I'm sure the tool used to be faster than this in the past, so I'm not sure what the bottleneck is.
I noticed both on the first stoppage and this one that system load is pretty low on the server:
I didn't know if that was expected since this system uses a different method of deploying containers from our other servers
@Samwalton9 I just checked in on the the database, and we're not catching up yet. It looks like we're gaining 10 seconds about every 10 minutes.
system time | latest timestamp |
Wed Feb 28 17:36:23 UTC 2024 | 2024-02-20 23:25:41.000000 |
Wed Feb 28 17:38:33 UTC 2024 | 2024-02-20 23:25:45.000000 |
Wed Feb 28 17:38:47 UTC 2024 | 2024-02-20 23:25:47.000000 |
Wed Feb 28 17:42:56 UTC 2024 | 2024-02-20 23:25:47.000000 |
Wed Feb 28 17:45:49 UTC 2024 | 2024-02-20 23:25:51.000000 |
Hm, not ideal. We've only introduced one trivial additional check, so I don't know why that would have slowed things down so much.
I just checked in on it, and it looks like progress was made overnight:
system time | latest timestamp |
Thu Feb 29 12:36:13 UTC 2024 | 2024-02-23 04:38:05.000000 |
progress update: it looks like we're running at about 1.89x real time; e.g. we're catching up.

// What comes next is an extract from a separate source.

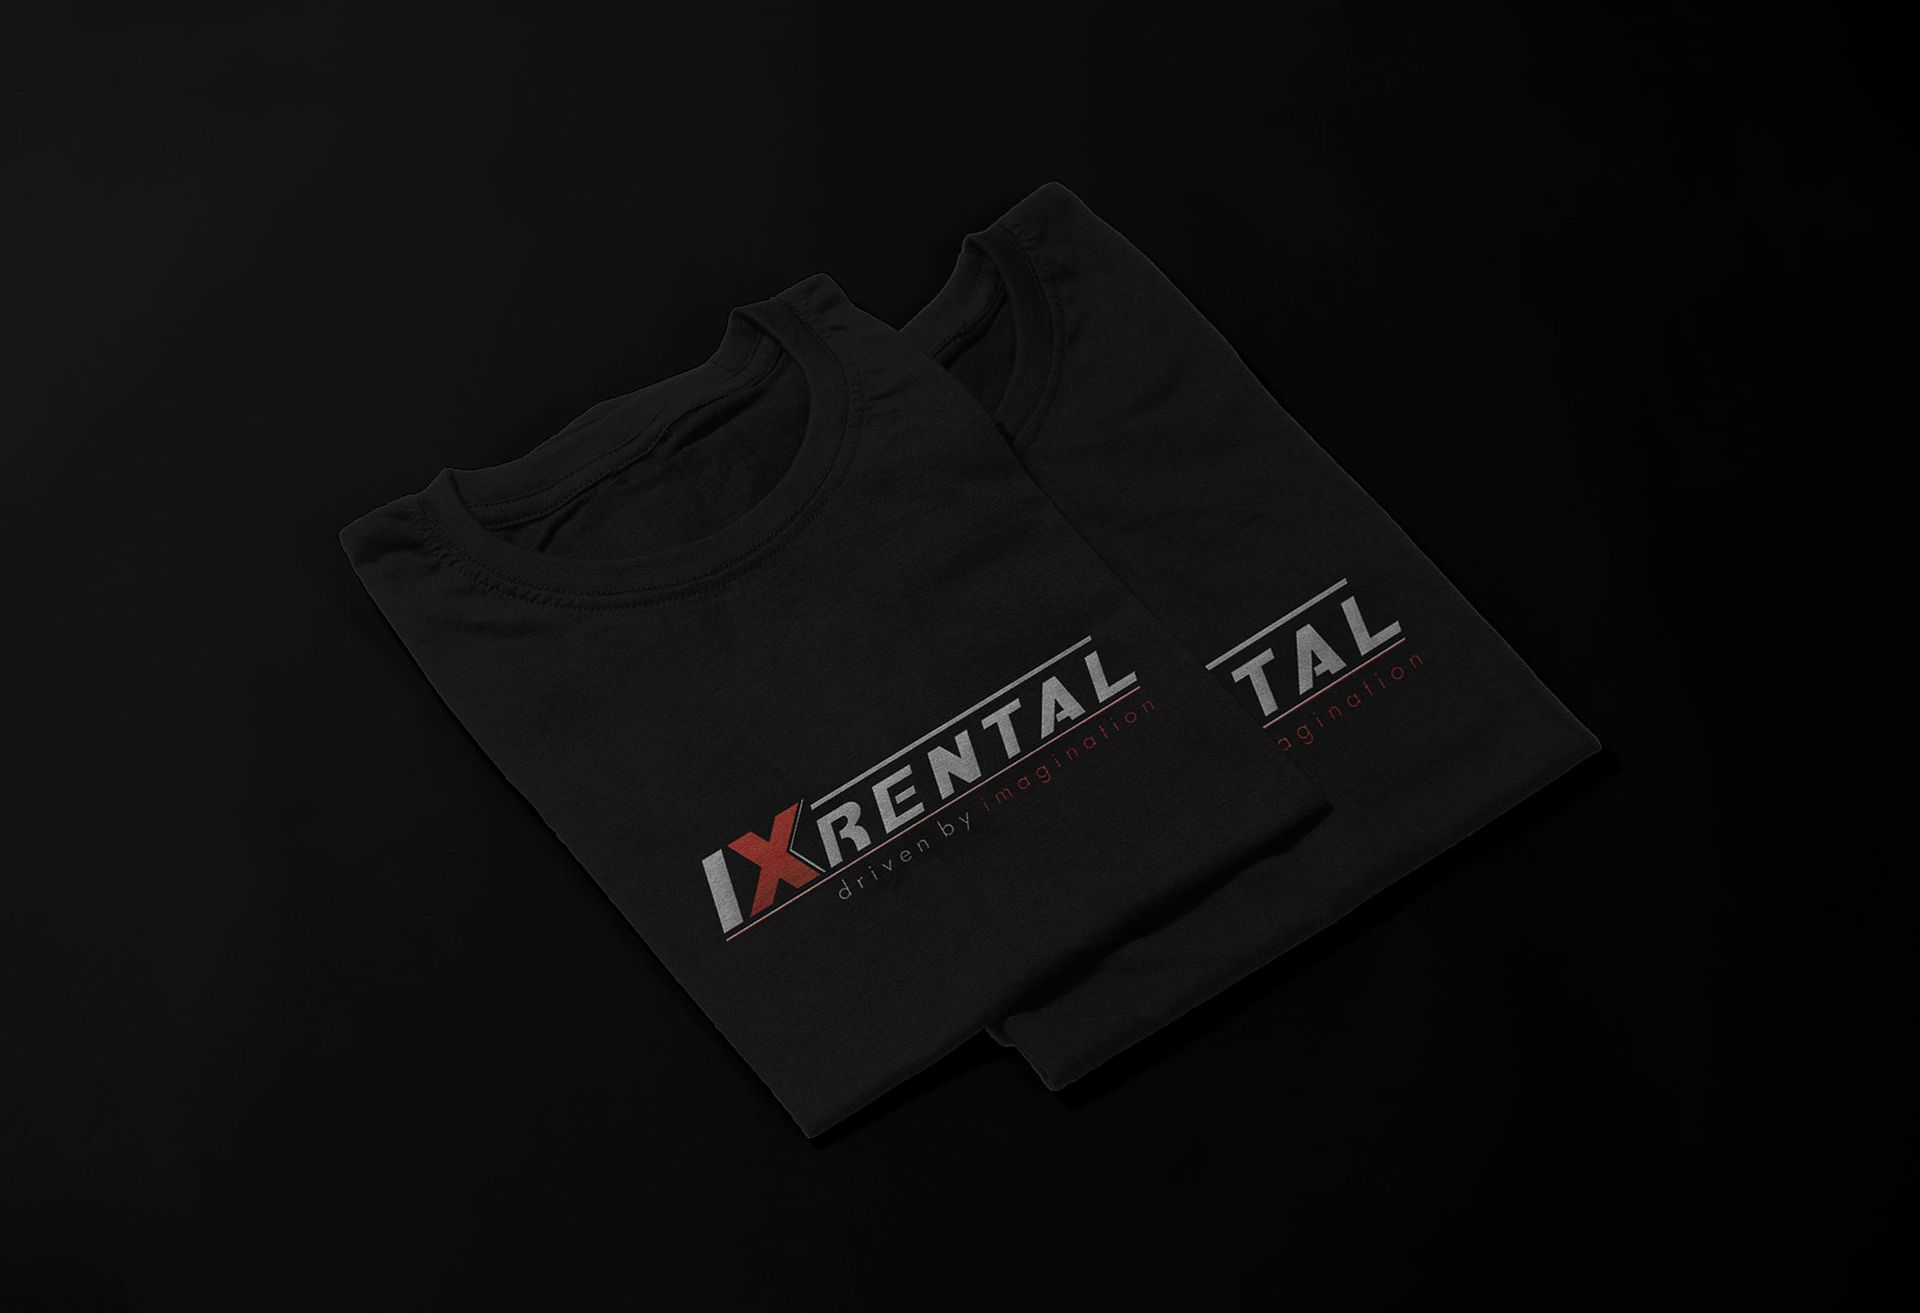 A black IX Reental t-shirt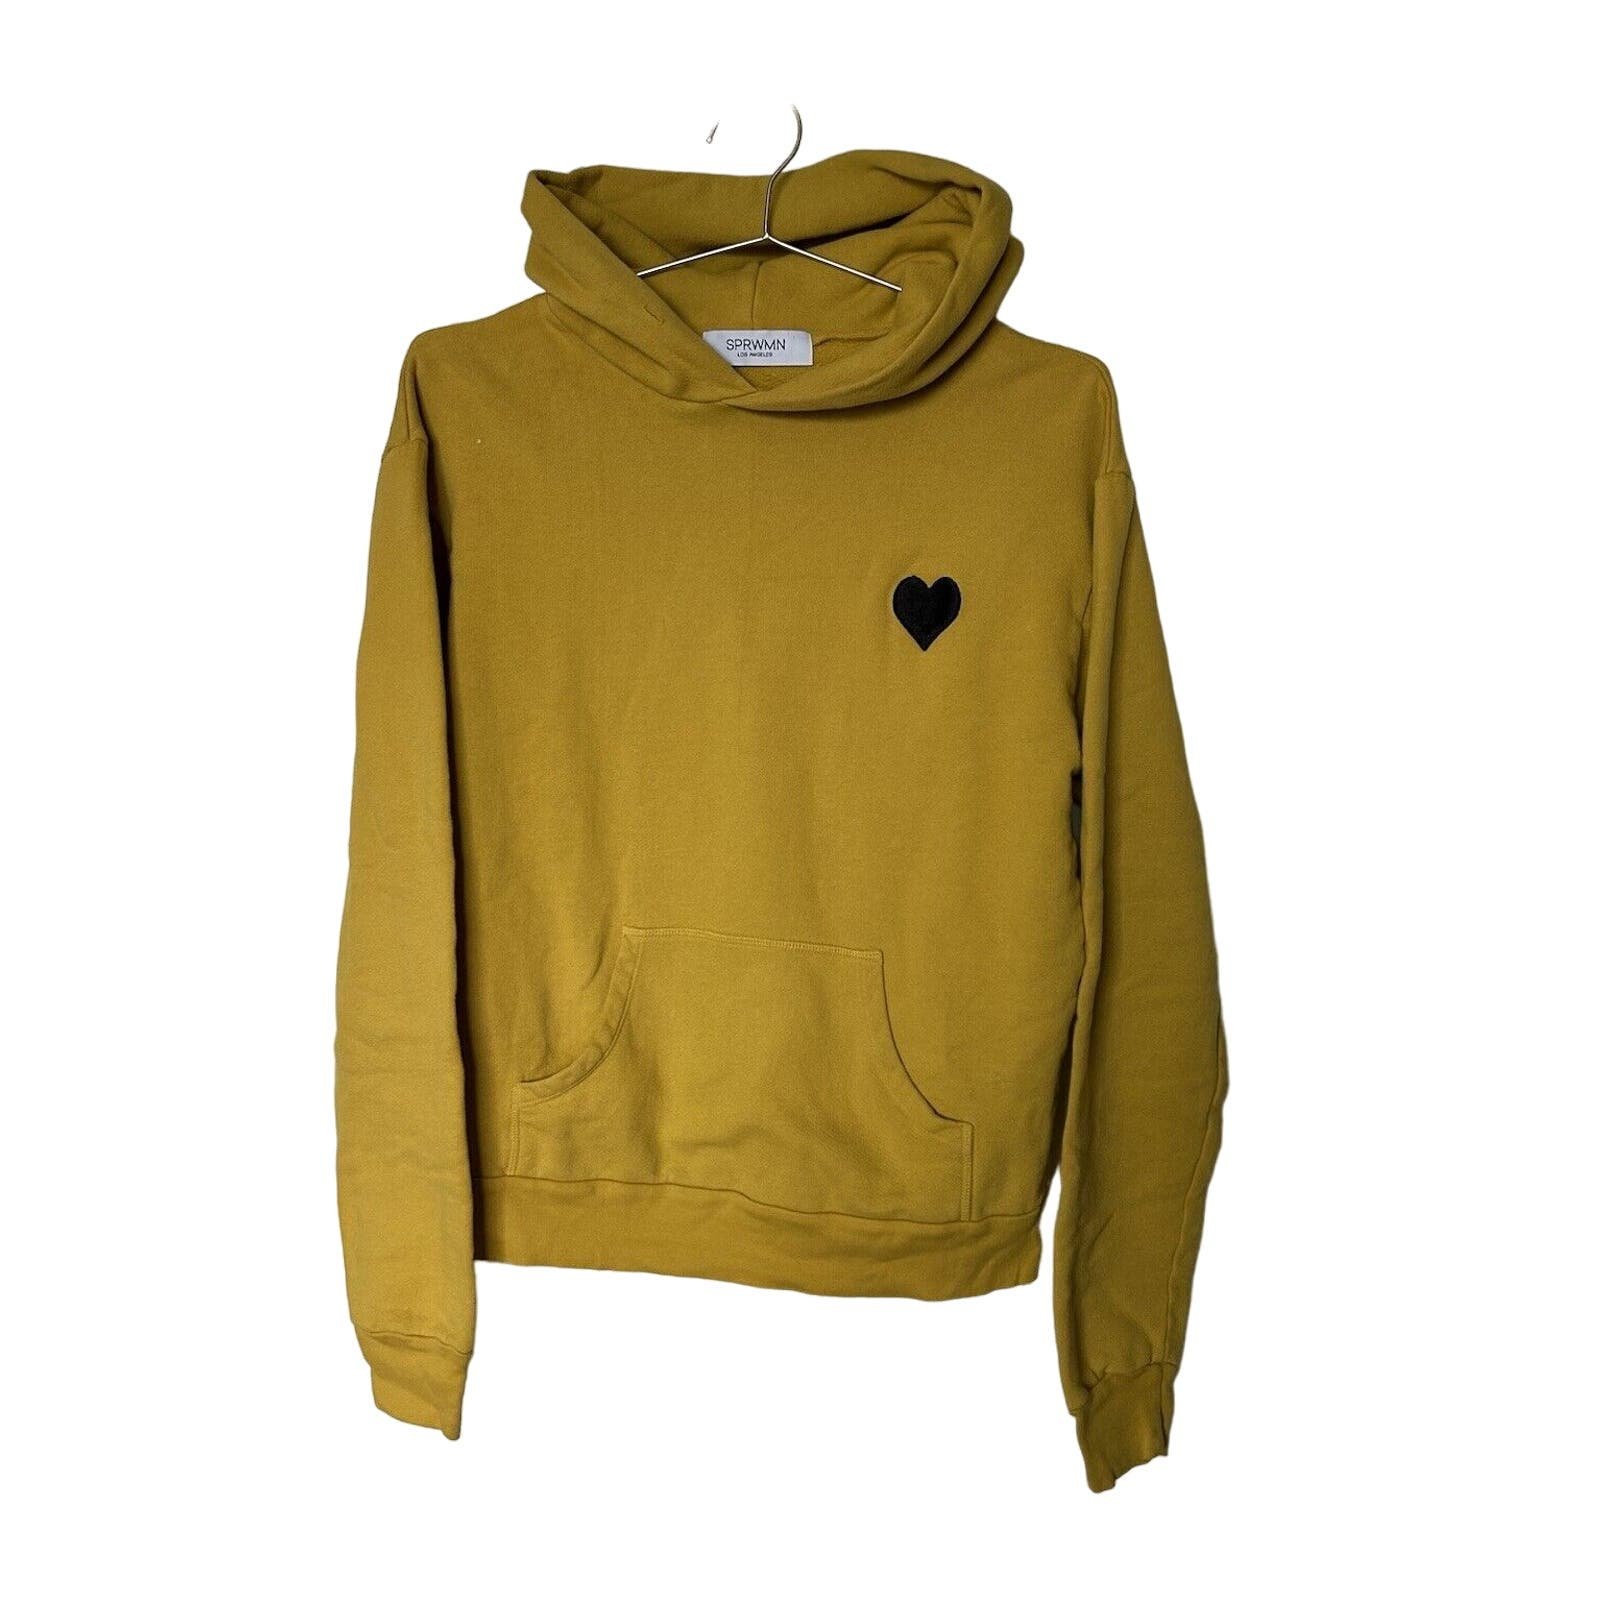 Exclusive SPRWMN Heart Script Hooded Sweatshirt Size S

system time | latest timestamp |
Fri Mar 1 17:26:37 UTC 2024 | 2024-02-24 17:56:35.000000 |
That makes the current gap:
5 days 23 hours 30 minutes
(or ~143 hours)
once we were back, we were here:
system time | latest timestamp |
Wed Feb 28 17:36:23 UTC 2024 | 2024-02-20 23:25:41.000000 |
which was a gap of:
7 days 18 hours 11 minutes 0 second
(or ~186 hours)
That means we've reduced the gap by 43 hours between the first and last check
The time between the checks was 1 days 23 hours 50 minutes
(or ~48 hours)
That puts our overal average at about 1.89x real time since the first check mentioned here.
I just checked in on it, and it looks like the gap widened again:
system time | latest timestamp |
Mon Mar 4 14:16:05 UTC 2024 | 2024-02-29 19:09:49.000000 |
It's back up to 5 days 19 hours 7 minutes
The script container has been running and logging, so things are working on a system level. System load is really low. Uptime shows 46 days, 22:45. I'm restarting the server as a basic troubleshooting step that does not require understanding the problem.
I just checked in on it, and it looks like the gap narrowed again after the restart:
system time | latest timestamp |
Tue Mar 5 17:52:24 UTC 2024 | 2024-03-02 23:58:08.000000 |
It's currently 2 days 17 hours 54 minutes
I'll continue monitoring it.
Tool is no longer displaying a data notice and data is within 1 minute of the live time.
Hmm. The scripts container is still happy. We seem to have an inordinately large number of edits tracked on 28th March.
Seems to mostly be Quickstatements
Data capture is continuing, it's just very slow. We may need to prioritise some work to understand what the bottleneck is.